Trouble starting Solr on Windows/Ubuntu

2020-05-22 Thread Stavros Macrakis
I'm trying to follow the Solr Tutorial (
https://lucene.apache.org/solr/guide/8_5/solr-tutorial.html#solr-tutorial).

Yesterday, "bin/solr start" worked fine -- I could see the status page on
http://localhost:8993 . I even created a test config server/solr/test1
through the Web interface.

Today, I'm getting an error message when I try to start Solr.
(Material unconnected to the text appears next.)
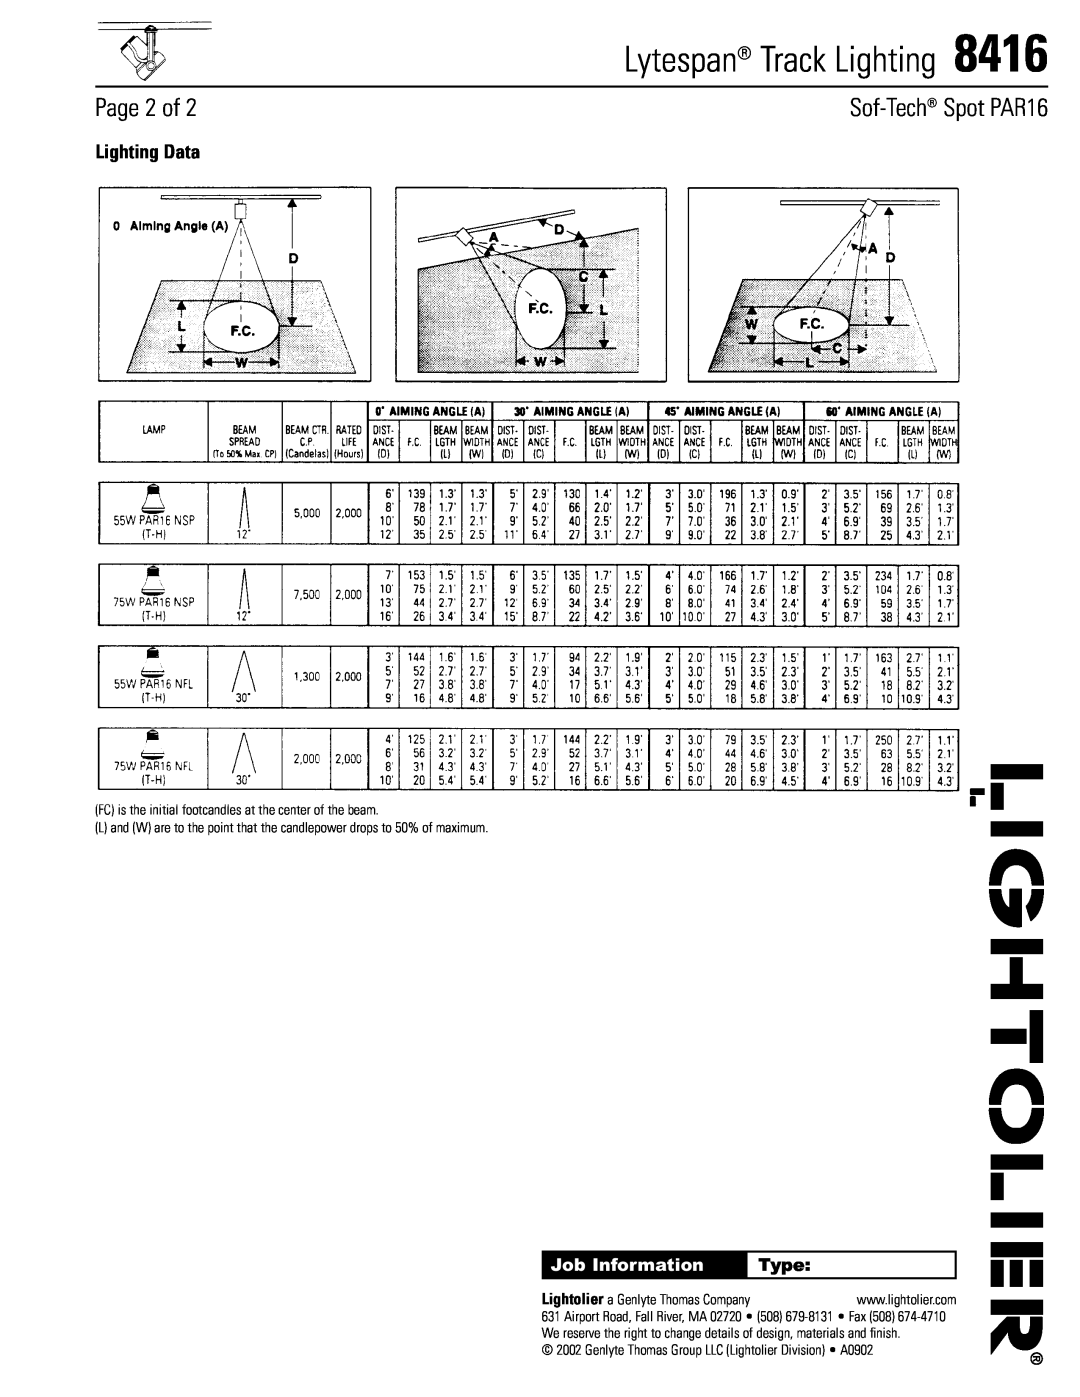 Lightolier 8416 manual Page 2 of, Lighting Data, Type, Lytespan Track Lighting, Sof-Tech Spot PAR16, Job Information

This is from
an Ubuntu top-level shell (I previously tried a shell buffer within Emacs
under Ubuntu, which failed). I've rebooted Windows, and it still fails. See
transcript and version info below.

What am I doing wrong? -- and is solr-user the right place to ask newbie
questions like this?
(None of the env variables mentioned in the error message are defined.)

transcript
xxx:/mnt/c/solr-8.5.1$ bin/solr status -help

No Solr nodes are running.

xxx:/mnt/c/solr-8.5.1$ bin/solr start
Waiting up to 180 seconds to see Solr running on port 8983 [|]  bin/solr:
line 669:  8456 Aborted (core dumped) nohup "$JAVA"
"${SOLR_START_OPTS[@]}" $SOLR_ADDL_ARGS -Dsolr.log.muteconsole
"-XX:OnOutOfMemoryError=$SOLR_TIP/bin/oom_solr.sh $SOLR_PORT
$SOLR_LOGS_DIR" -jar start.jar "${SOLR_JETTY_CONFIG[@]}"
$SOLR_JETTY_ADDL_CONFIG > "$SOLR_LOGS_DIR/solr-$SOLR_PORT-console.log" 2>&1
 [/]  Still not seeing Solr listening on 8983 after 180 seconds!
tail: cannot open '/mnt/c/solr-8.5.1/server/logs/solr.log' for reading: No
such file or directory

xxx:/mnt/c/solr-8.5.1$ echo foo > /mnt/c/solr-8.5.1/server/logs/solr.log
xxx:/mnt/c/solr-8.5.1$ cat /mnt/c/solr-8.5.1/server/logs/solr.log
foo   <<< log file is writeable

versions 

xxx:/mnt/c/solr-8.5.1$ uname -a
Linux DESKTOP-M6LDB7Q 4.4.0-18362-Microsoft #836-Microsoft Mon May 05
16:04:00 PST 2020 x86_64 x86_64 x86_64 GNU/Linux
xxx:/mnt/c/solr-8.5.1$ which java
/usr/bin/java
xxx:/mnt/c/solr-8.5.1$ java -version
openjdk version "11.0.7" 2020-04-14
OpenJDK Runtime Environment (build 11.0.7+10-post-Ubuntu-2ubuntu218.04)
OpenJDK 64-Bit Server VM (build 11.0.7+10-post-Ubuntu-2ubuntu218.04, mixed
mode, sharing)
xxx:/mnt/c/solr-8.5.1$ bin/solr -version
8.5.1